There are many numeric computations that become much simpler if the programmer takes advantage of the IEEE rules. For example, consider the expression:

a = 1 / (1/b + 1/c)

Such expressions arise with resistors and lenses. If divide-by-zero resulted in a program crash (as was true in many systems before IEEE floating-point), then two if statements would be required to check for small or zero values of b or c. Instead, with IEEE floating-point, if b or c is zero, we will get a zero value for a as desired.

But what about the case where b=+0 and c=-0? Then a=1/inf-inf=nan. Is the book wrong about this optimizations, or have I misunderstood something? It seems like we'll still need at least one check for the signs of b & c rather than no checks at all.

Edit One suggestion in the comments was just to do a post-check for NaN. Is that the idiomatic way to "take advantage" of these number type?

bool is_nan(float x) { return x != x; }

float optic_thing(float b, float c) {
  float result = 1.0f / (1.0f/b + 1.0f/c);
  if (is_nan(result)) result = 0;
  return result;
}

Solution

  • But what about the case where b=+0 and c=-0?
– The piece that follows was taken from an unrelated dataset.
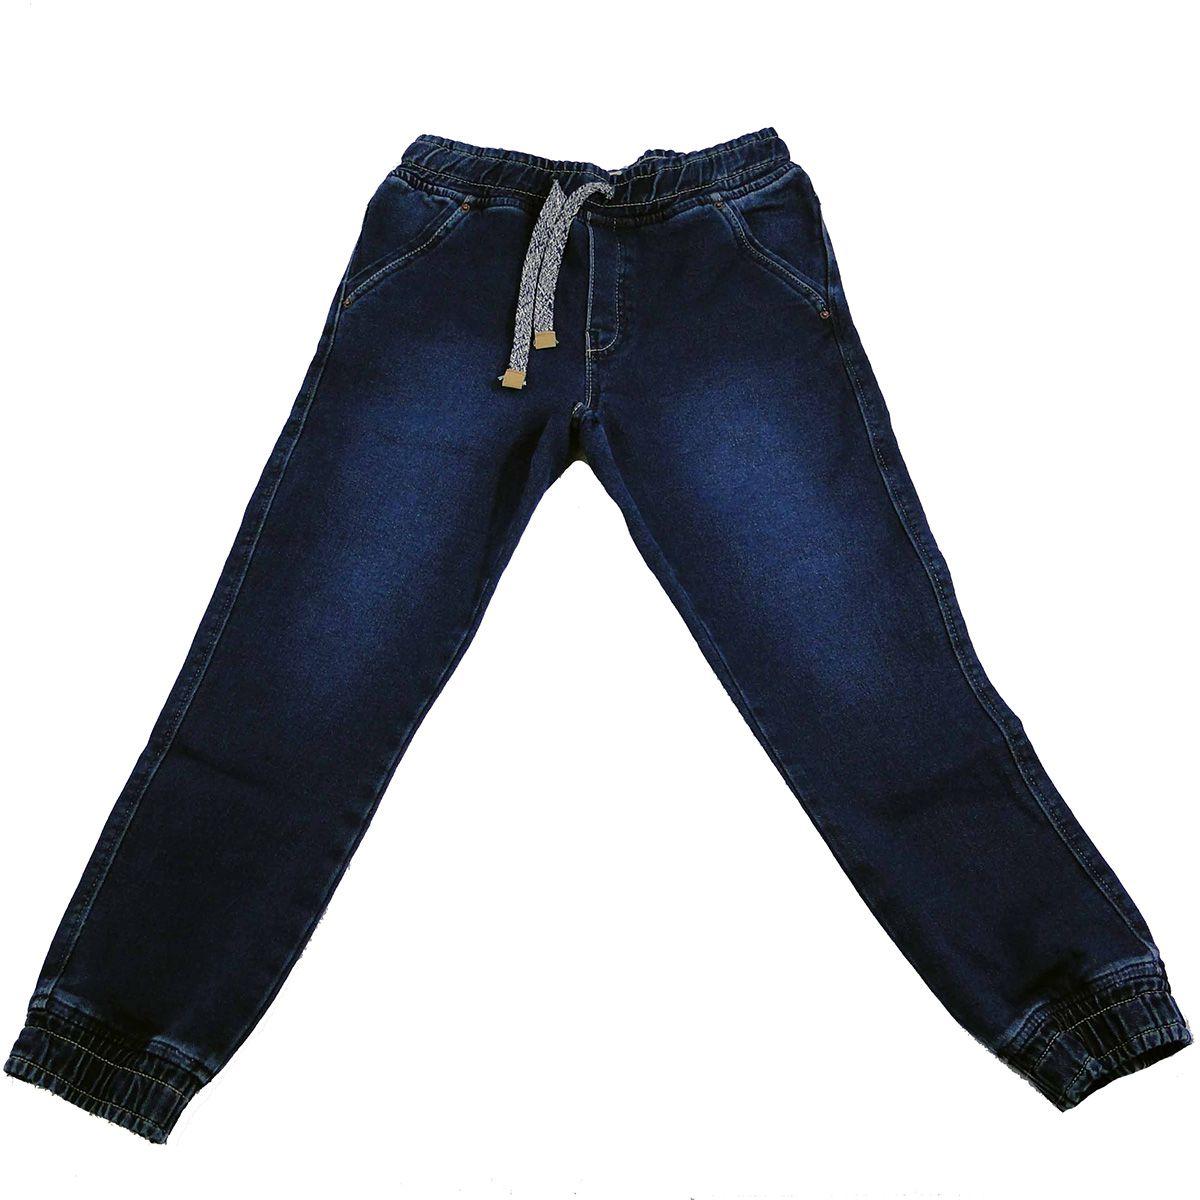 Calça Banana Danger Masculina Jeans Jogger

    Convert -0.0 to +0.0 without branching by adding 0.0.

    int main(void) {
      double b = +0.0;
      double c = -0.0;
      printf("%e\n", b);
      printf("%e\n", c);
      printf("%e\n", 1.0/(1.0/b + 1.0/c));
      b += 0.0;
      c += 0.0;
      printf("%e\n", 1.0/(1.0/b + 1.0/c));
      return 0;
    }
    

    Output

    0.000000e+00
    -0.000000e+00
    nan
    0.000000e+00
    

    [Edit] On the other hand, any values near 0.0, but not 0.0, are likely numeric artifacts and not accurate resistance values. The above still has trouble with tiny value pairs like b = DBL_TRUE_MIN; c = -b; The issue is 1.0/tiny --> Infinity and +Infinity + -Infinity --> NAN. Could resort to either using wider floating point for the quotient calculation or narrow the operands.

      b += 0.0;
      c += 0.0;
      printf("%Le\n", 1.0/(1.0L/b + 1.0L/c));
    
      // Lose some precision, but we are talking about real resistors/lenses here.
      b = (float) b + 0.0f;
      c = (float) c + 0.0f;
      printf("%e\n", 1.0/(1.0/b + 1.0/c));